- AIM OF THE EXERCISE -
Apart from the images, reproduce all of the data word for word.

- RAW DATA -
┄┄┄┄┄┄┄┄┄┄┄┄┄┄┄┄┄┄┄┄
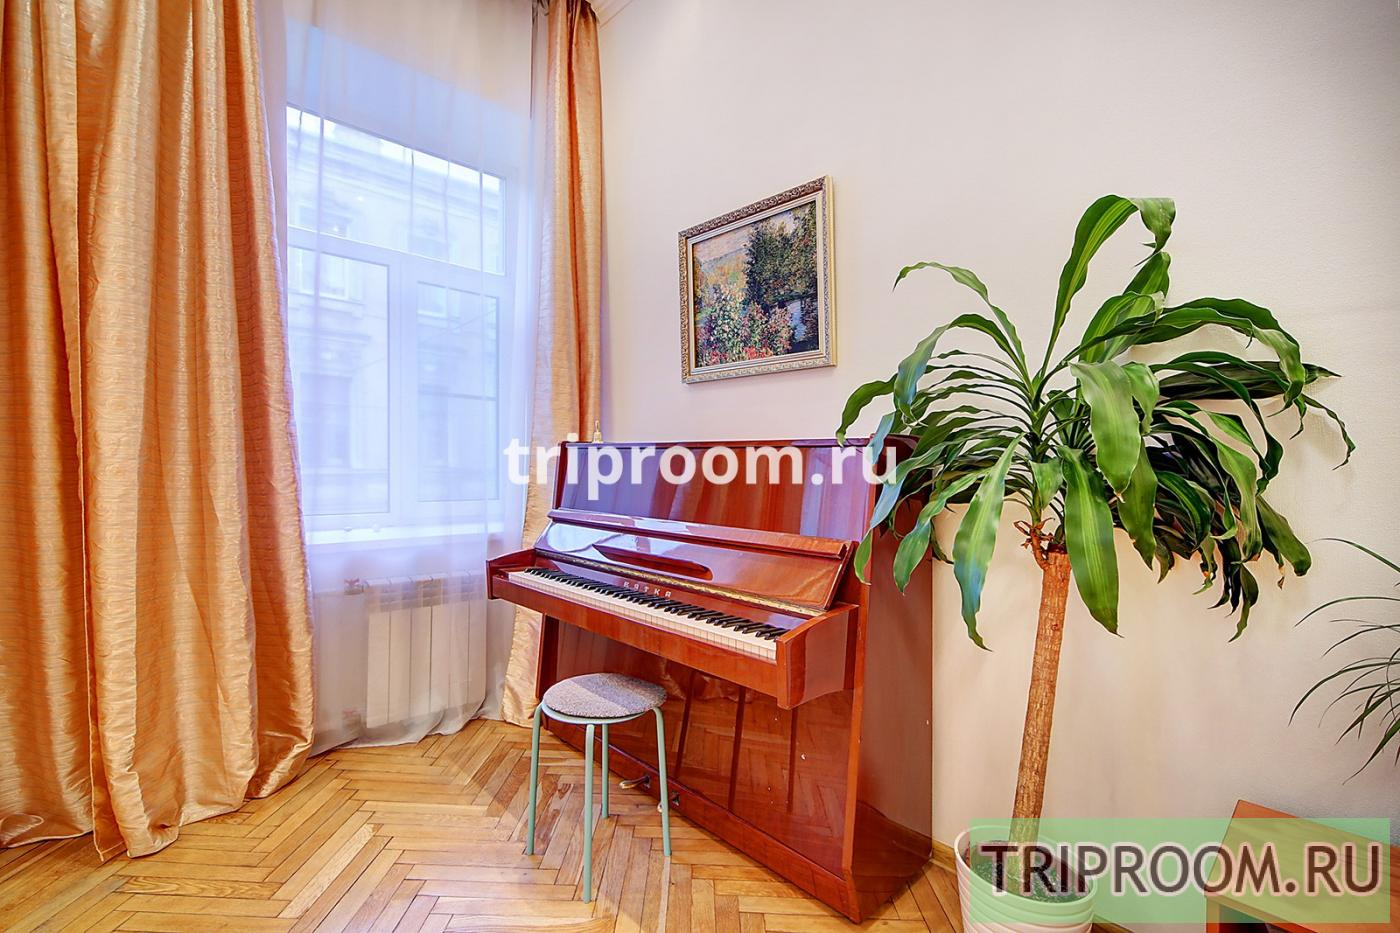 2-комнатная квартира посуточно (вариант № 15426), ул. Лиговский проспект, фото № 5
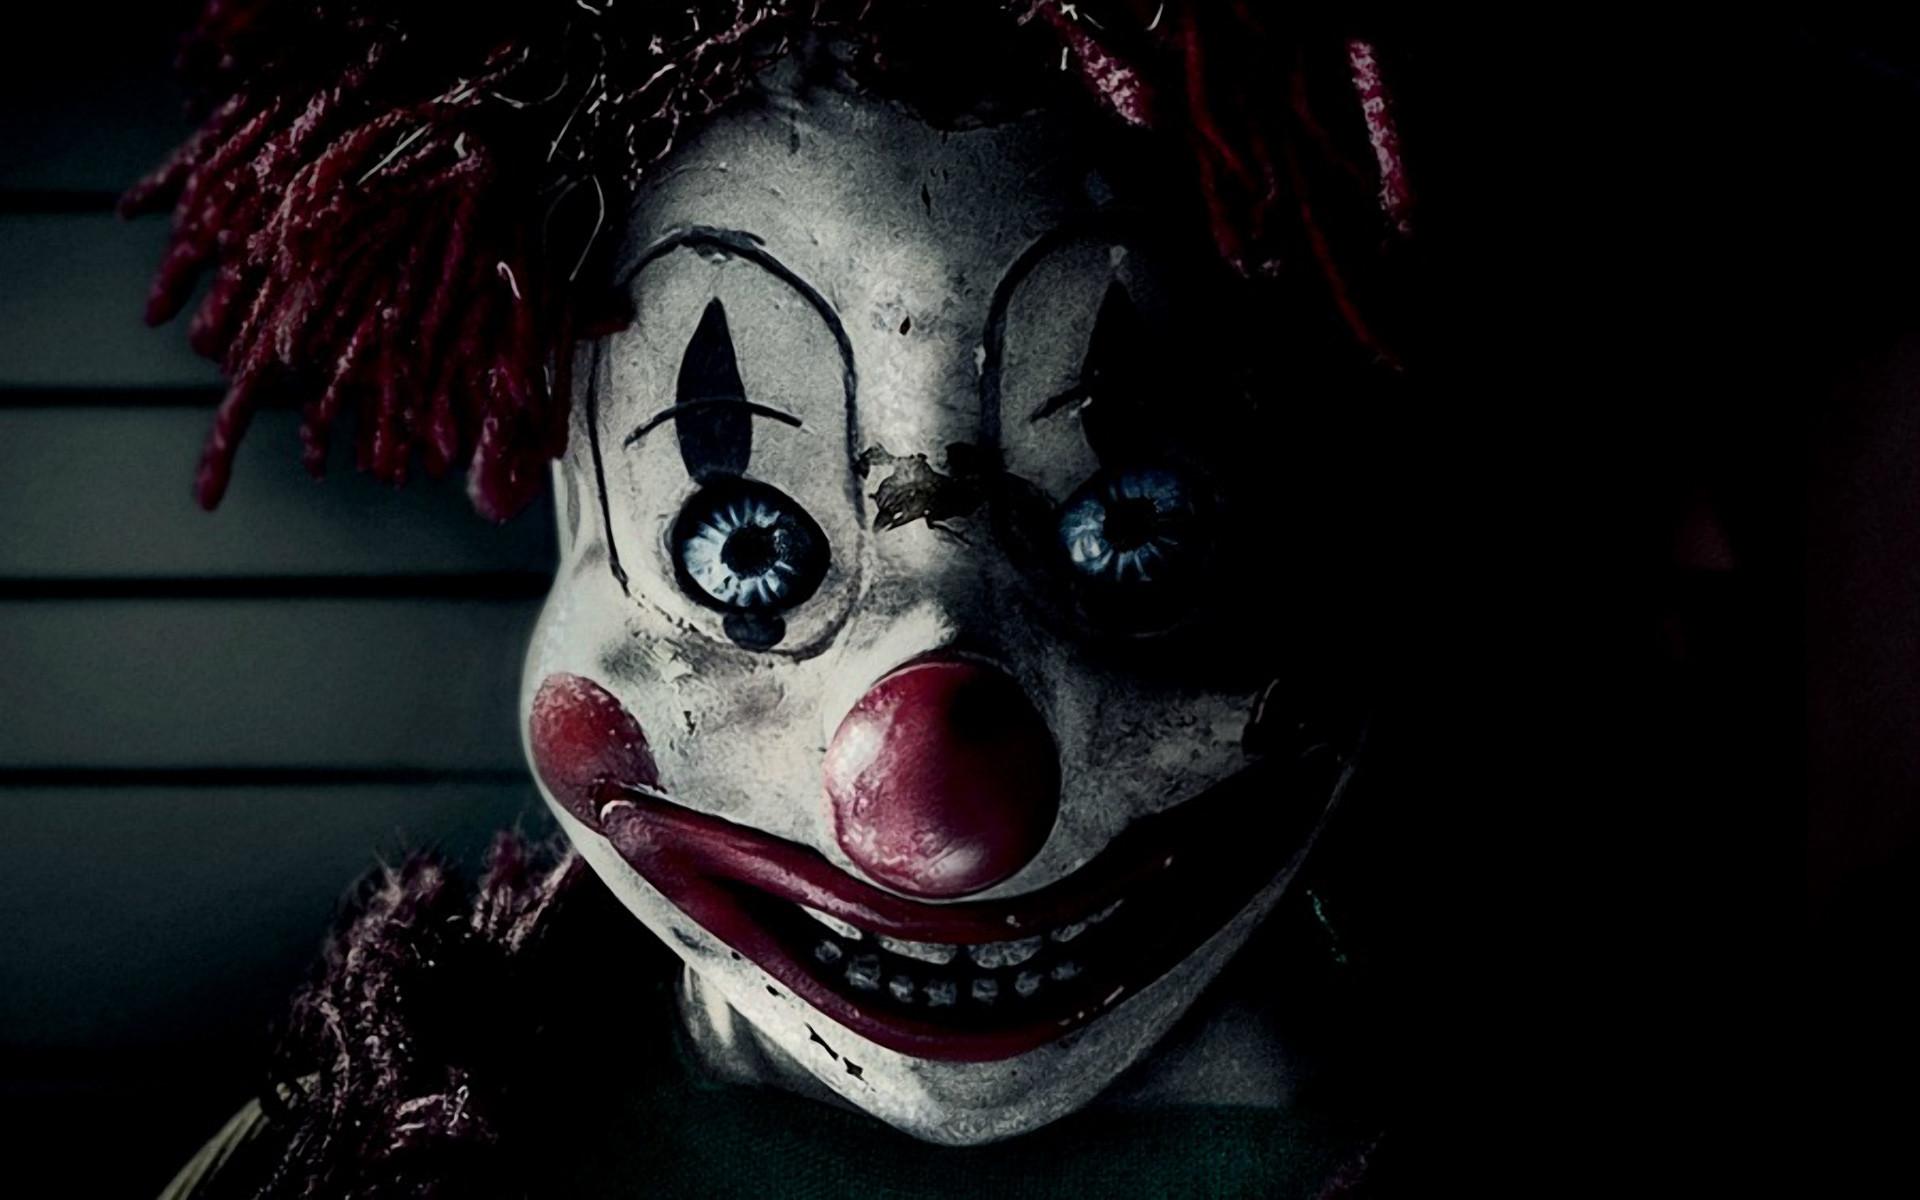 Classic Horror Movie Wallpaper 69 Images
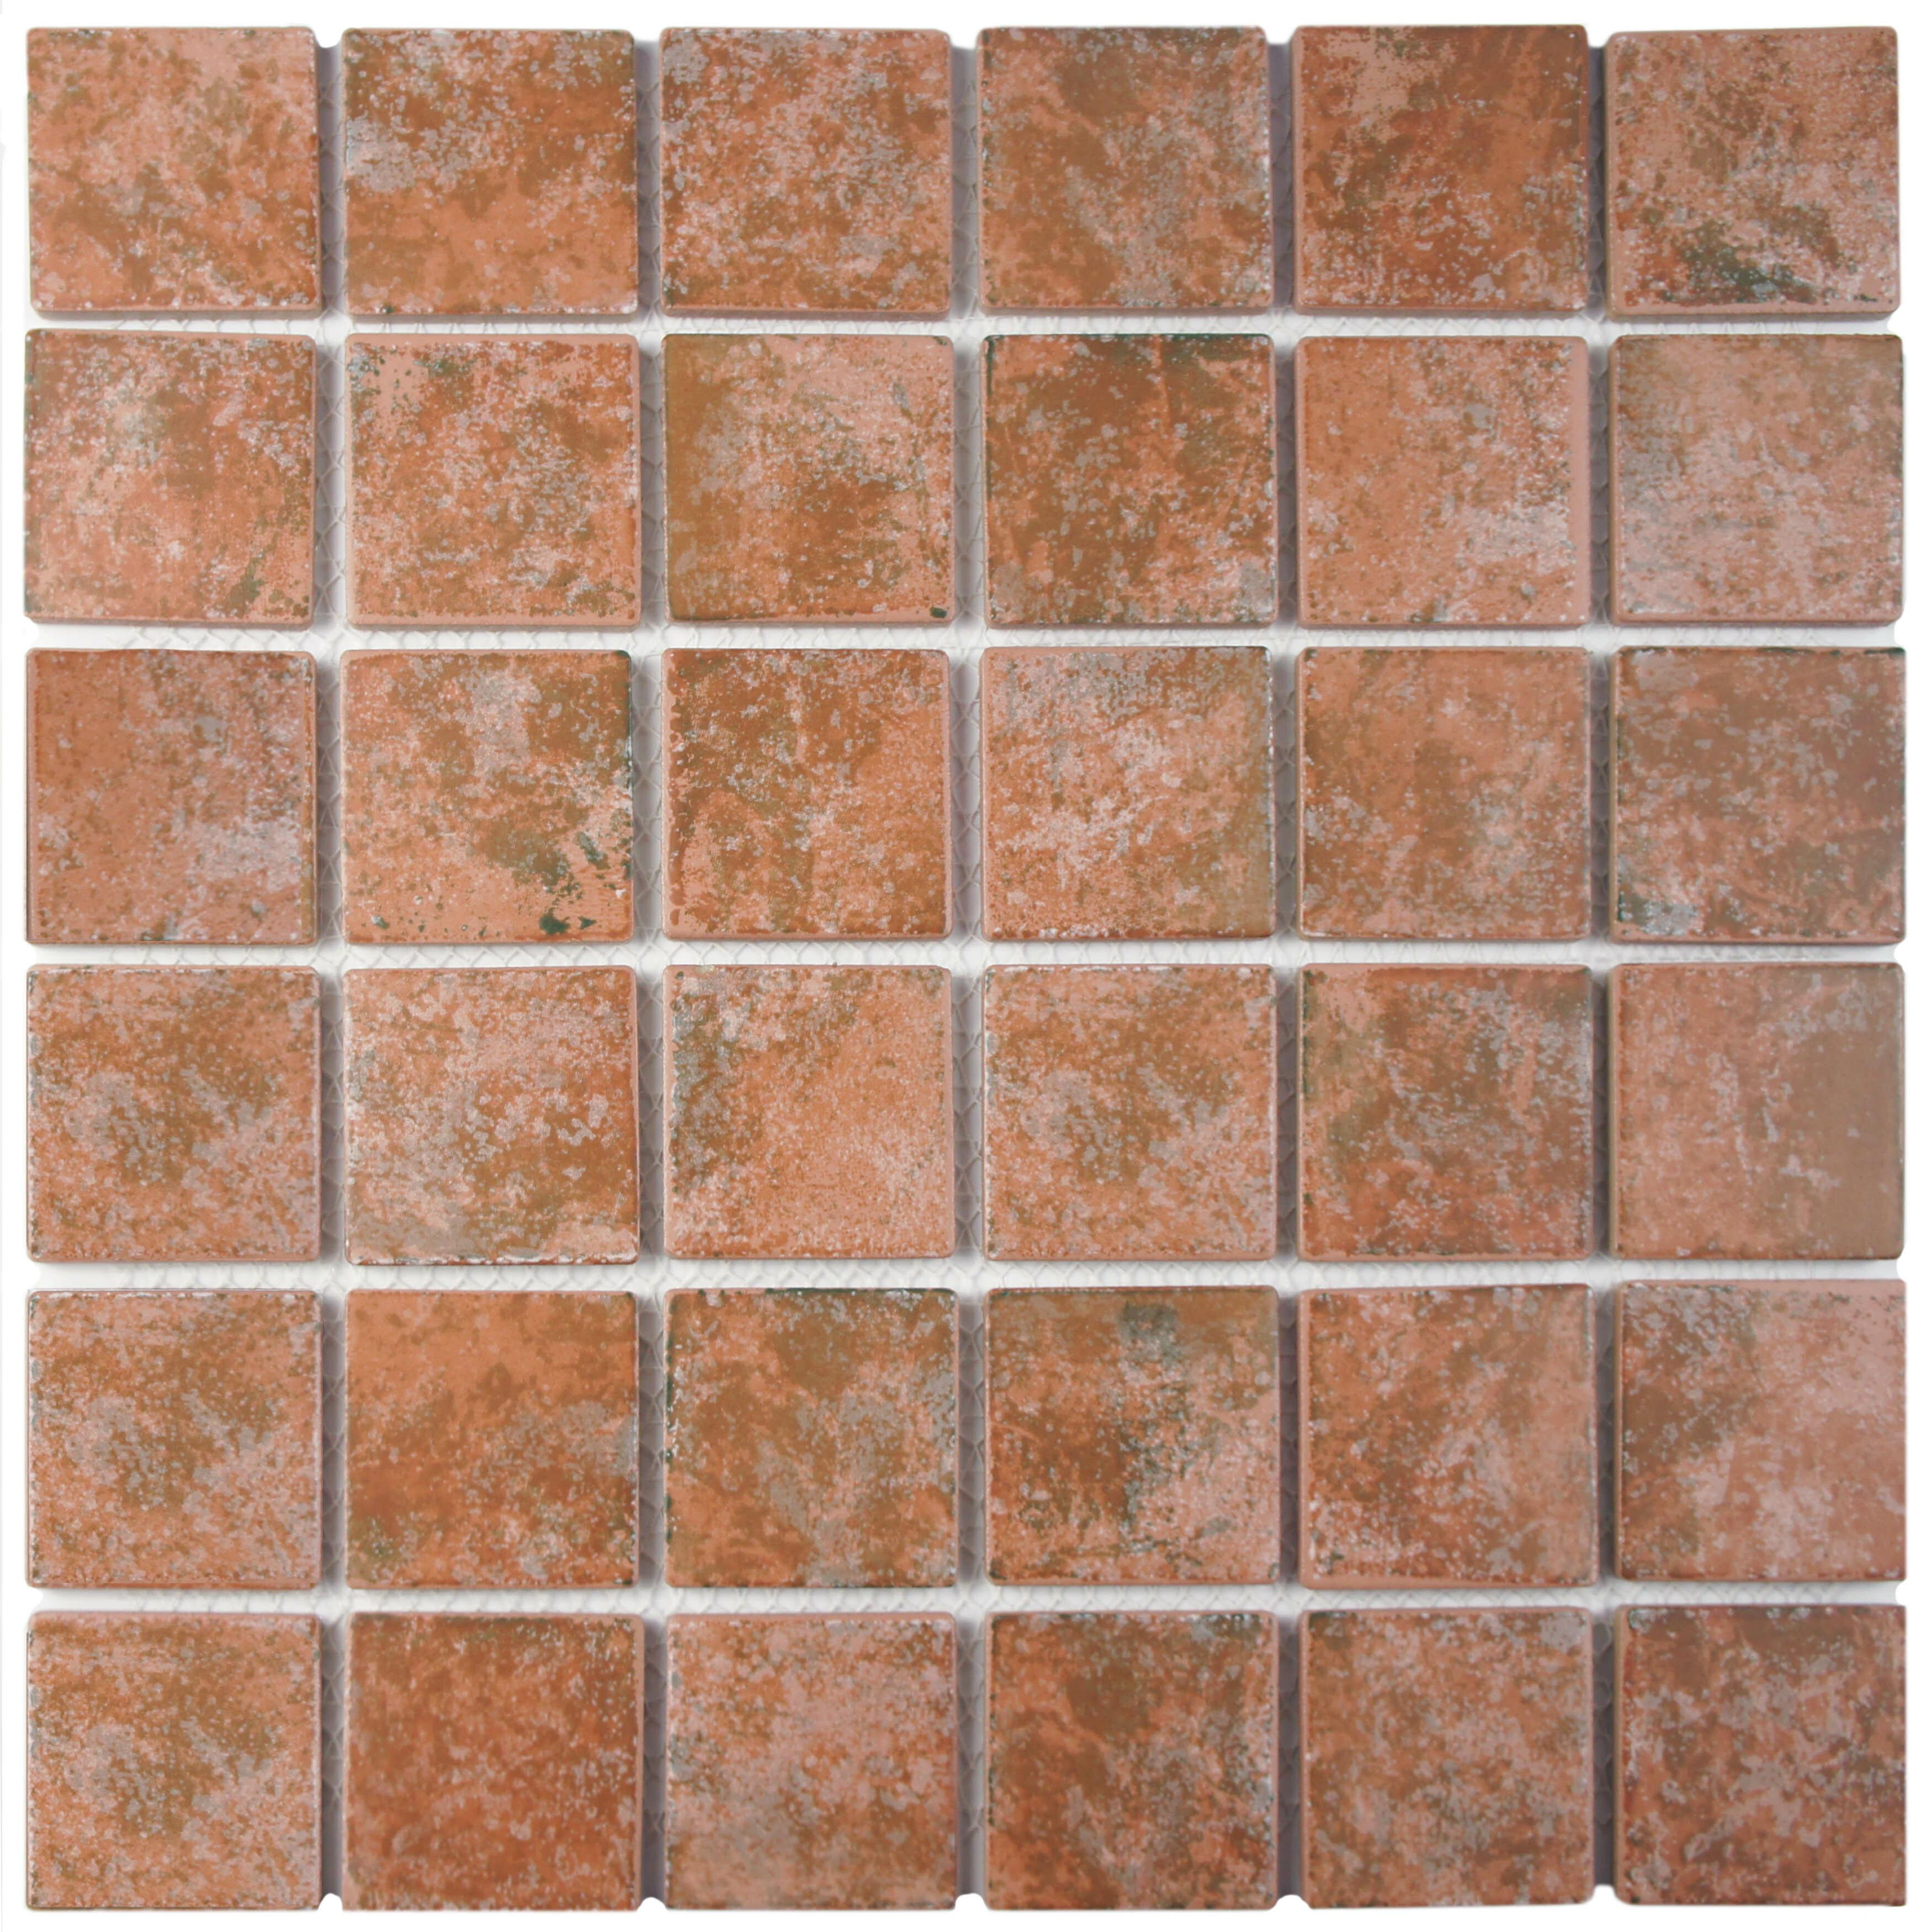 Elitetile Elbert 2 X Porcelain Mosaic Tile In Matte Brown Orange Gray Wayfair
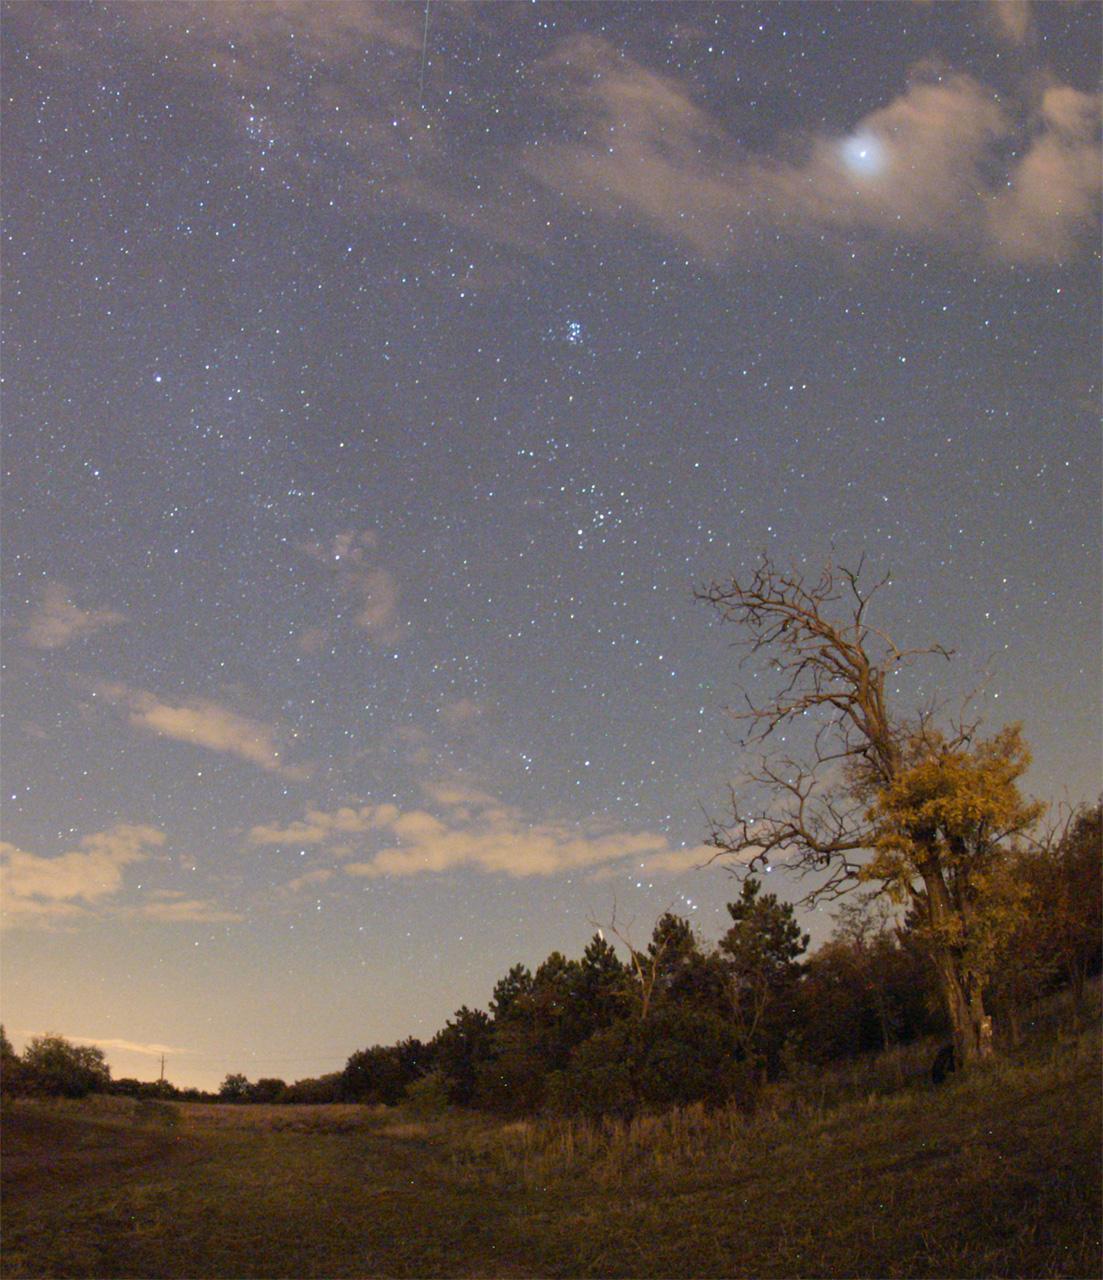 2011 Orionid Meteor Shower: Monika Landy-Gyebnar
┄┄┄┄┄┄┄┄┄┄┄┄┄┄┄┄┄┄┄┄
- SOLUTION FOR THIS TASK -
 2-комнатная квартира посуточно (вариант № 15426), ул. Лиговский проспект, фото № 5
 Classic Horror Movie Wallpaper 69 Images
 Elitetile Elbert 2 X Porcelain Mosaic Tile In Matte Brown Orange Gray Wayfair
 2011 Orionid Meteor Shower: Monika Landy-Gyebnar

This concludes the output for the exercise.